Darksiders II received positive reviews. Aggregating review website Metacritic gave the Wii U version 85/100, the PlayStation 3 version 84/100, the Xbox 360 version 83/100, and the PC version 81/100. IGN gave it a score of 7.5, saying that despite its problems, Darksiders II is simply a "fun" game.

During the 16th Annual D.I.C.E. Awards, the Academy of Interactive Arts & Sciences nominated Darksiders II for "Adventure Game of the Year".

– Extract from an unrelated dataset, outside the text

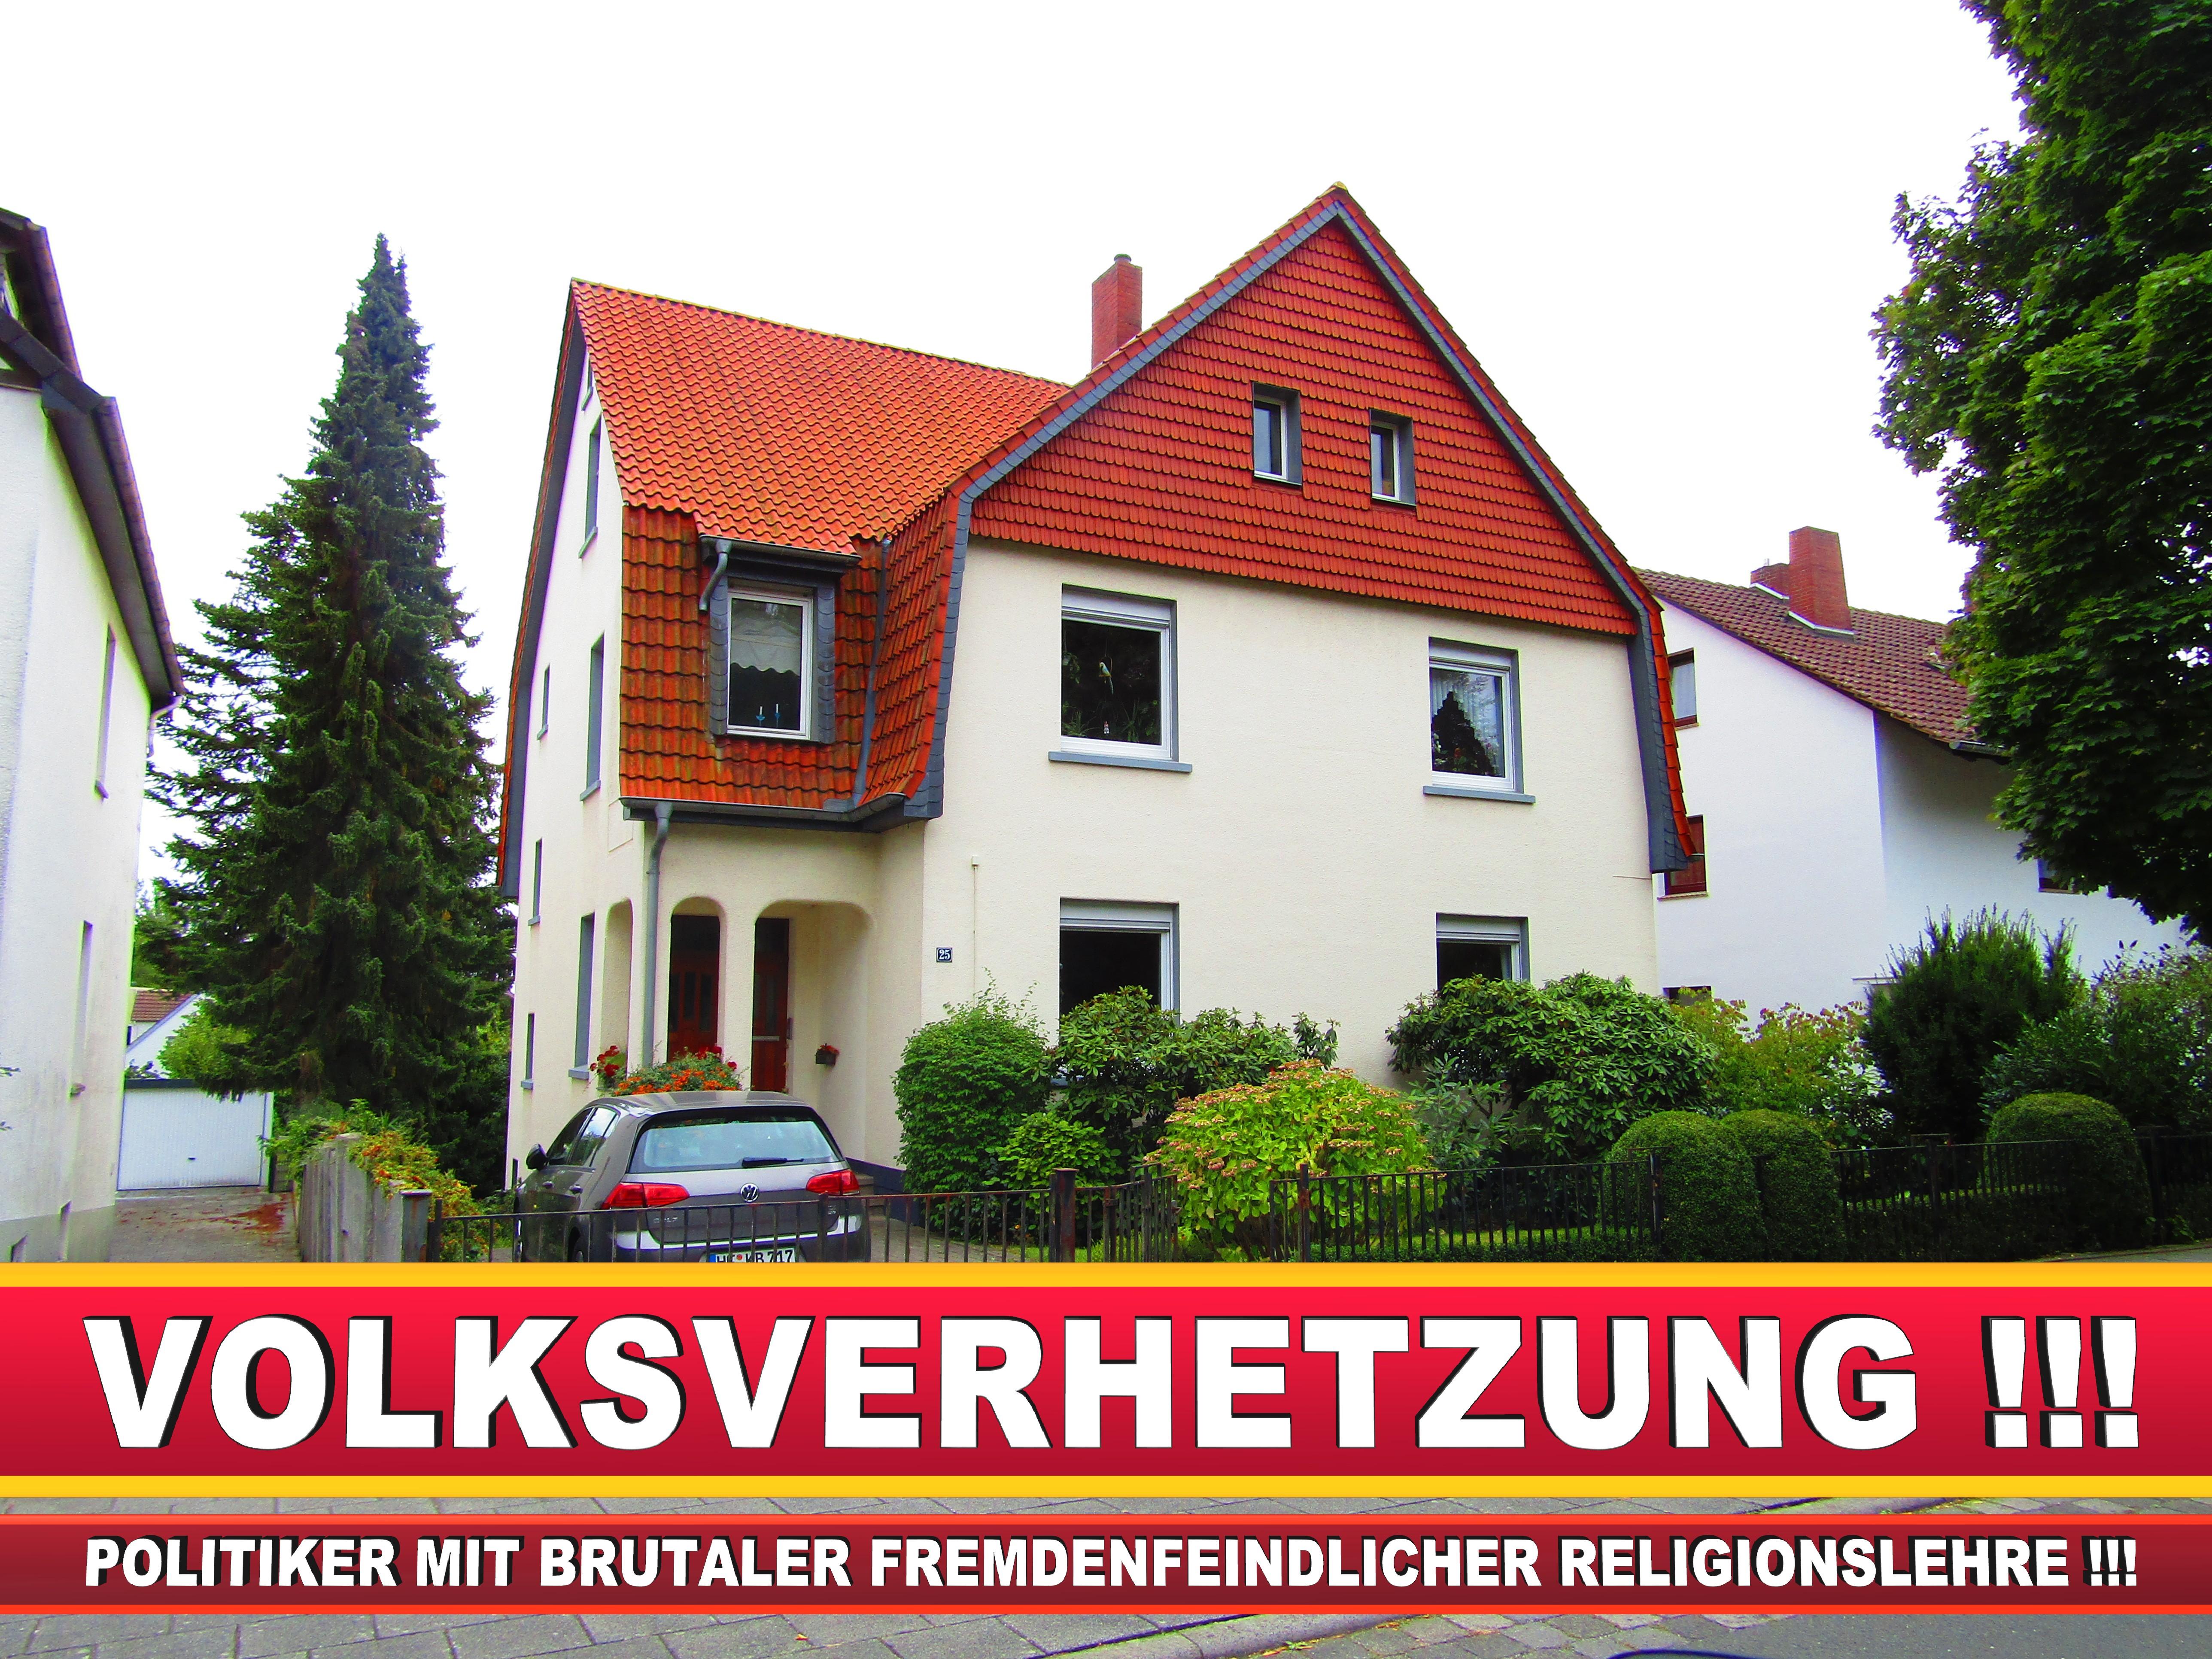 KLAUS PETERMANN LANDGERICHT BIELEFELD (4) LANDTAGSWAHL BUNDESTAGSWAHL BÜRGERMEISTERWAHL

The game was the best selling game in August 2012 with over 247,000 units sold in the United States. As of November 2012, the game had only sold 1.5 million copies, with THQ stating that the game "did not perform to our expectations".

Aggregate score
| Aggregator | Score |
|---|---|
| Metacritic | PC: 81/100 PS3: 84/100 X360: 83/100 WIIU: 85/100 PS4: 72/100 XONE: 75/100 NS: 77/100 |

Review scores
| Publication | Score |
|---|---|
| Computer Games Magazine | 7.5/10 |
| Computer and Video Games | 7.5/10 |
| G4 | 4.5/5 |
| Game Informer | 9/10 |
| GameRevolution | 7/10 |
| GameSpot | (PC) 8/10 (X360) 8.5/10 (PS3) 8.5/10 (Wii U) 8/10 |
| GamesTM | 7/10 |
| Giant Bomb | 4/5 |
| IGN | 7.5/10 |
| Jeuxvideo.com | 16/20 |
| Nintendo Life | 8/10 |
| Nintendo World Report | 8.5/10 |
| Official Xbox Magazine (UK) | 7/10 |
| PC Gamer (US) | 77/100 |
| Push Square | 8/10 |
| VentureBeat | 89/100 |

==Sequel==

A third Darksiders game was originally planned by Vigil Games, but the fate of its franchise was threatened due to financial complications. Its parent company, THQ, filed for bankruptcy in 2012. The company's assets were sold at an auction, excluding Vigil Games, which was shut down along with the parent company THQ. In April 2013, THQ began a process to auction off the remaining IP that it had not yet sold, including Darksiders. Several companies publicly expressed interest in bidding for the franchise, including the Japanese developer PlatinumGames, and Crytek USA, a Crytek subsidiary led by former Vigil CEO David Adams, and primarily staffed by former Vigil employees. Adams had expressed interest in allowing Darksiders to come back "home" to its creators. Darksiders, along with Red Faction and MX vs. ATV, was purchased by Nordic Games in the final transaction of THQ's assets.

The third installment, Darksiders III, was released on November 27, 2018.